In 1966 a female author published a so-called prequel to Jane Eyre, a novel that
told the story of Mr. Rochester's first wife, Bertha, in Jane Eyre. The author was Jean
Rhys and the novel Wide Sargasso Sea. Being a woman and coming from the colonies in
1907 Jean Rhys felt twice marginalised. Her frustrations were evident in the kind of life
she led and in the types of female characters she created in her novels. An overwhelming
sense of dissatisfaction and displacement turns her heroines into alter-egos of the author
who views herself as an untrained, unsuited, miserable immigrant who is barely able to
survive in an unfriendly country. What more obvious proof of hatred and hostility on the
part of a female outsider than to try and destroy one of the most powerful male images in
British fiction by presenting him as a helpless, alienated outsider in the Garden of Eden.
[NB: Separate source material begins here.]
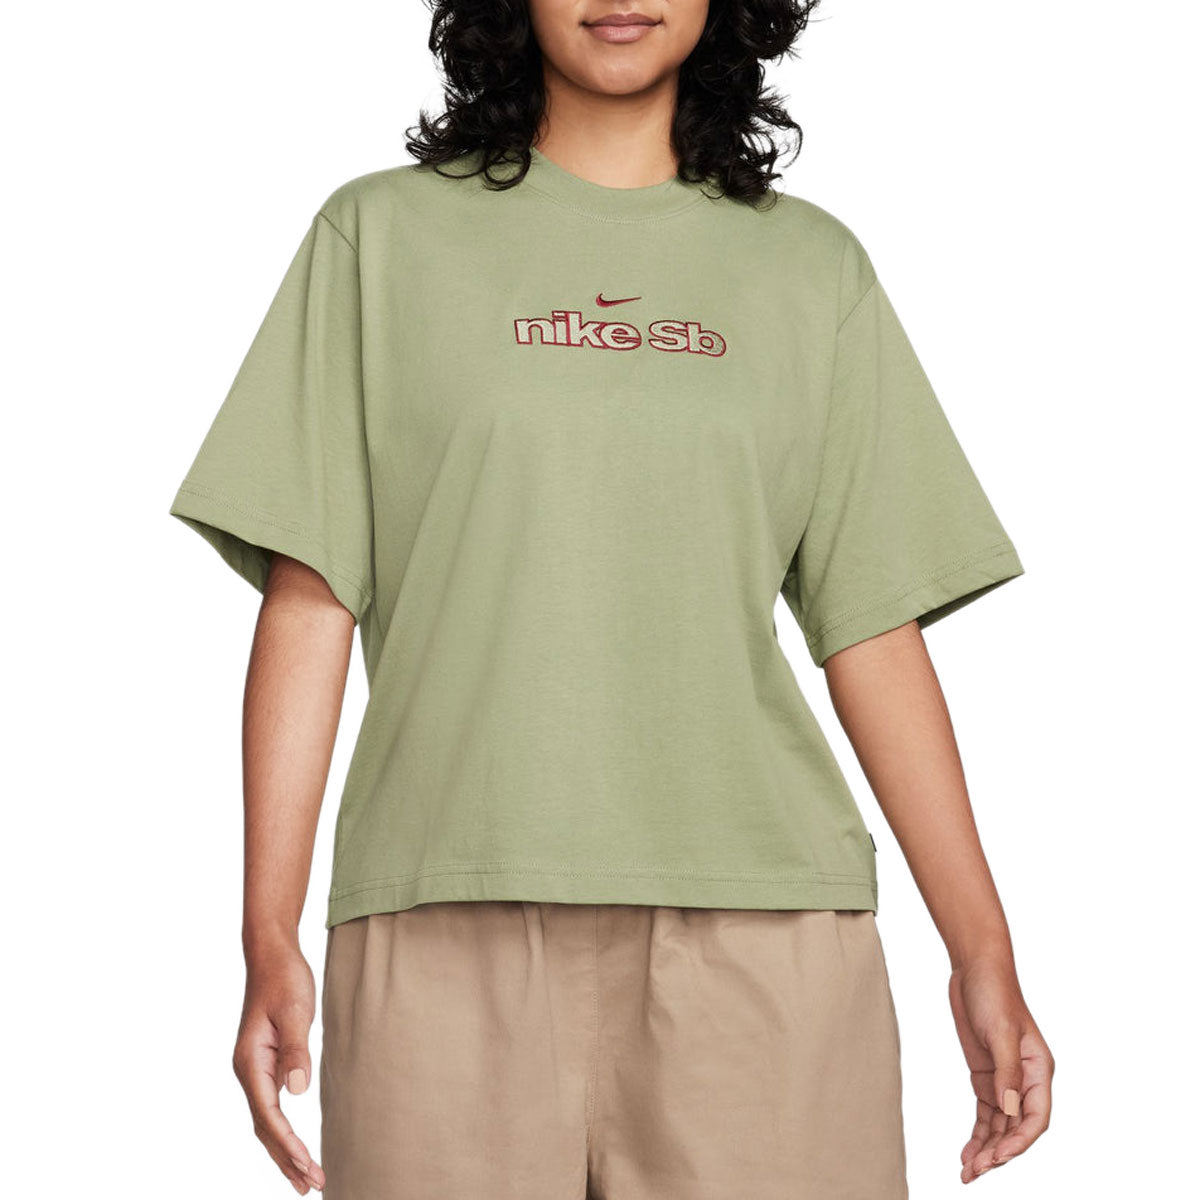 Nike SB Skate Outline T-Shirt - Oil Green image 1
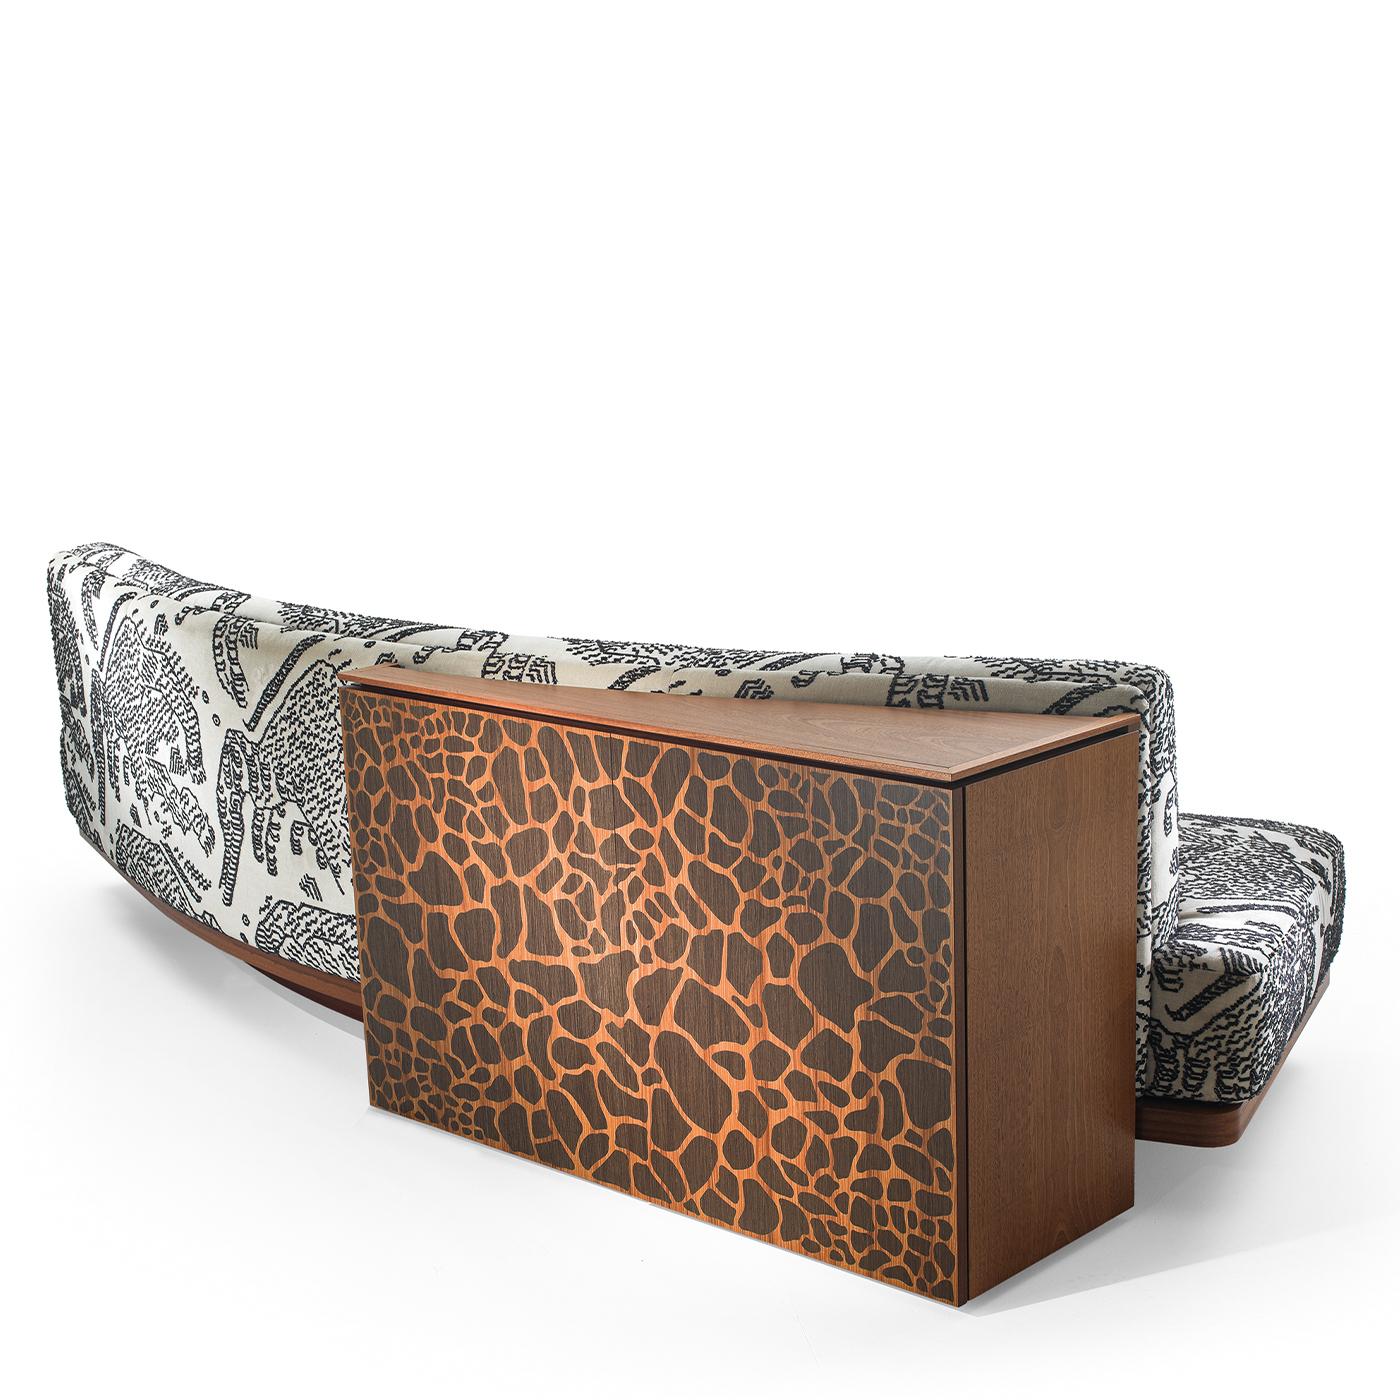 Dieses multifunktionale Sofa zeichnet sich durch einen zweitürigen Rückenschrank aus, der mit einer Intarsienarbeit aus Giraffenstreifen auf der Mahagonisperrholzstruktur verziert ist. Er ist mit einem Tigerberg-Stoff gepolstert und verfügt über

The author's own frustrations translated into images of violence, disruption and
tragedy. Antoinette's childhood (the main character) is full of traumatic experiences
starting with her father's death and ending with the fire that burns down the Eden of her
memories, the entrancing place where she felt secure. Moreover, she is a prisoner of her
dependency on both cultures, black and white which she grew up with. She cannot face

the split between the two and is condemned to isolation. Both novels abound in images of
hatred. The anger and dissatisfactions of their heroines reflect the two authors' reactions
to the injustices they had to face and the inferior status they were reduced to by the
standards of a society which claimed to be just. There are, of course, differences in
imagery and general treatment of subject matter, character, authorial voice but, basically,
the two novels are the outcry of two gifted women who deserved a better world.
In 'Jane Eyre' gestures of performance and force prevail because Jane is a fighter,
she will not have social or sexually discriminating laws silence her. She acts and
performs all the time. She is energetic and resourceful and even when she seems defeated
or, on the contrary, apparently fulfilled she has the inner force to step further into the
future to find her place and happiness. In 'Wide Sargasso Sea', on the other hand, icons of
passivity and spiritual silence are predominant. Antoinette prefers to withdraw into her
shell and nestle a pearl of wrath rather than speak her mind clearly or impose her will.